Pediatric Psoriasis Comorbidities

Nicole W. Kittler, MD; Kelly M. Cordoro, MD


Skin Therapy Letter. 2020;25(5):1-6. 

In This Article

Case Resolution (Denouement)

A reasonable approach to this patient is to confirm his diagnosis given the severity and disease escalation despite treatment with an aggressive form of phototherapy (Goeckerman), assess for triggers such as infection, and investigate for comorbidities. A skin biopsy revealed psoriasis, and bacterial cultures from the skin erosions, pharynx and anus were negative. A comprehensive review of systems and discussion with the patient and his family revealed depression, social isolation, and social stigma. As his disease improved (he was initially treated with methotrexate while awaiting insurance approval for an anti-TNF agent; once approved, he started adalimumab), his mood remained low and the rage attacks continued. Despite near total skin clearance on biologic therapy, he remained anxious and depressed, spoke very little during office visits, and was referred for psychological evaluation and therapy. Over time, both his skin and his psychological health improved. Now, 4 years after his initial presentation, he remains on adalimumab, has a few localized plaques on the legs, his mood has normalized, and he enjoys and is doing well in school. During check-ups, he engages, smiles, answers questions, makes eye contact, and has hopes and dreams for his future which he shares openly.

This case highlights the importance of a thorough evaluation for comorbid conditions and triggers in patients with psoriasis, as well as the disease impact on social and psychological health and well-being. Consider both extrinsic (i.e., the patient is sad, depressed and withdrawn because he does not like the way he looks and feels) and intrinsic factors (e.g., the inflammation in the skin leading to psoriasis may also be at play in the brain, resulting in altered mood or potentially organic mental health disease; i.e., not just a "cause and effect" phenomenon).

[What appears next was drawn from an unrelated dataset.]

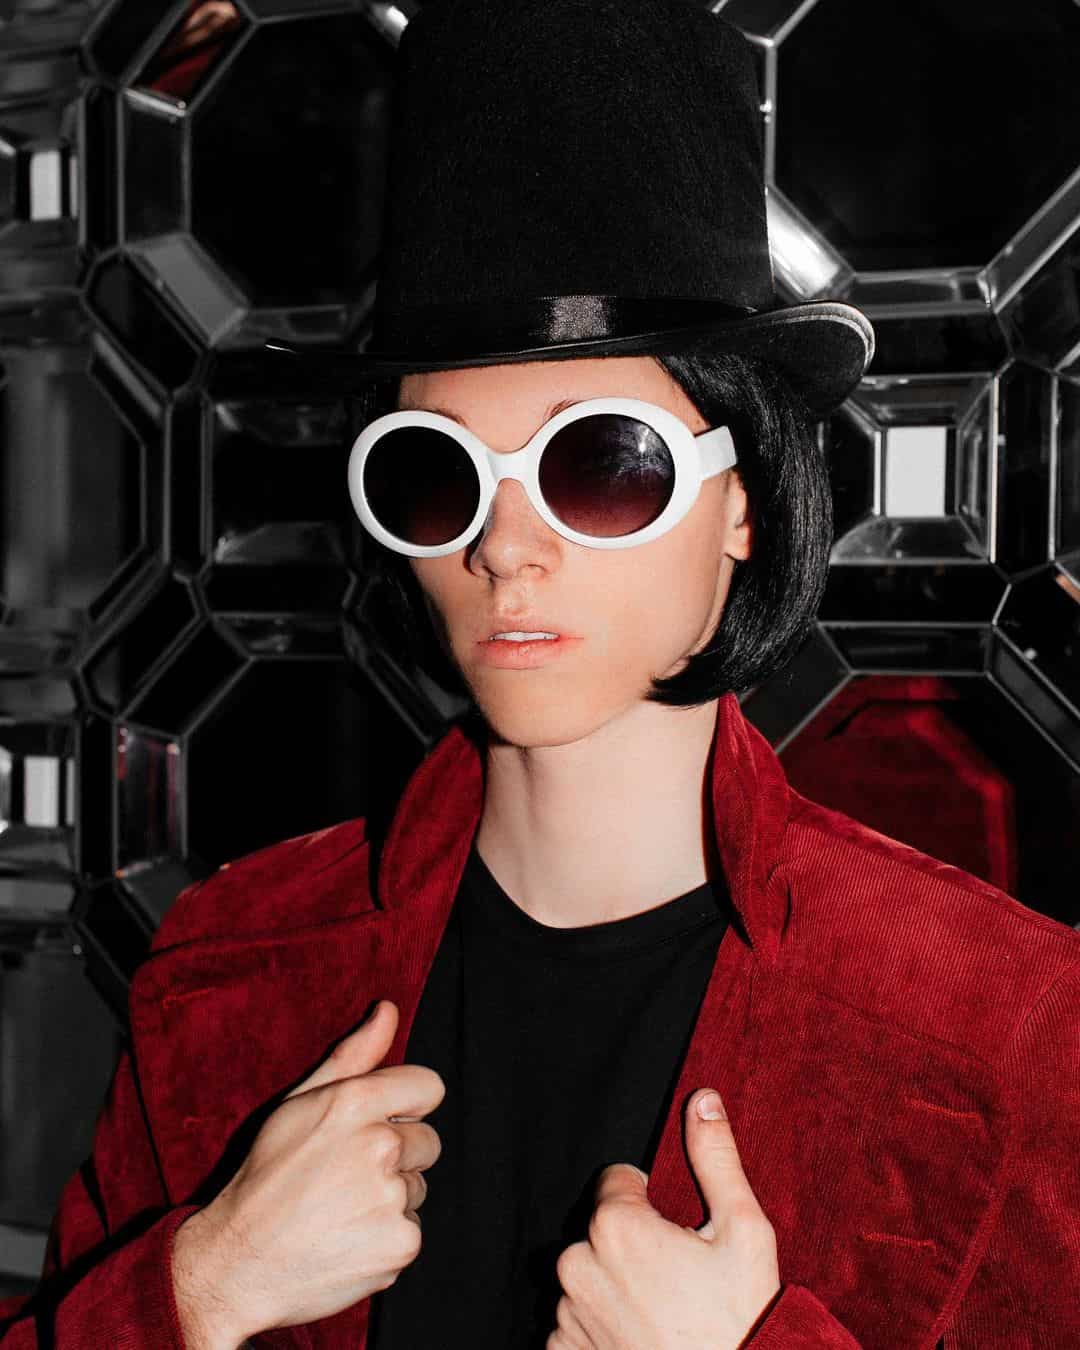 Willy Wonka Tiktok - Biography, Profile, Facts, and Career.

Many children with psoriasis are undertreated often due to age, a paucity of short- and long-term safety data for newer targeted therapies, and lack of experience and comfort with systemic therapies for children on the part of dermatologists. As we enter a new era of pediatric patient population involvement in clinical trials and the US FDA approval of biologic therapies for children, hopefully the treatment gap between children and adults with psoriasis will narrow. In addition, as we learn more about the long-term consequences of chronic, undertreated inflammation on the cardiovascular and other organ systems (i.e., the "psoriatic march"), the psychosocial impact of having a disfiguring, severe chronic disease in childhood, and other comorbidities associated with pediatric psoriasis, we will be better positioned to face the demands, challenges and opportunities of comprehensively and optimally managing children with psoriasis.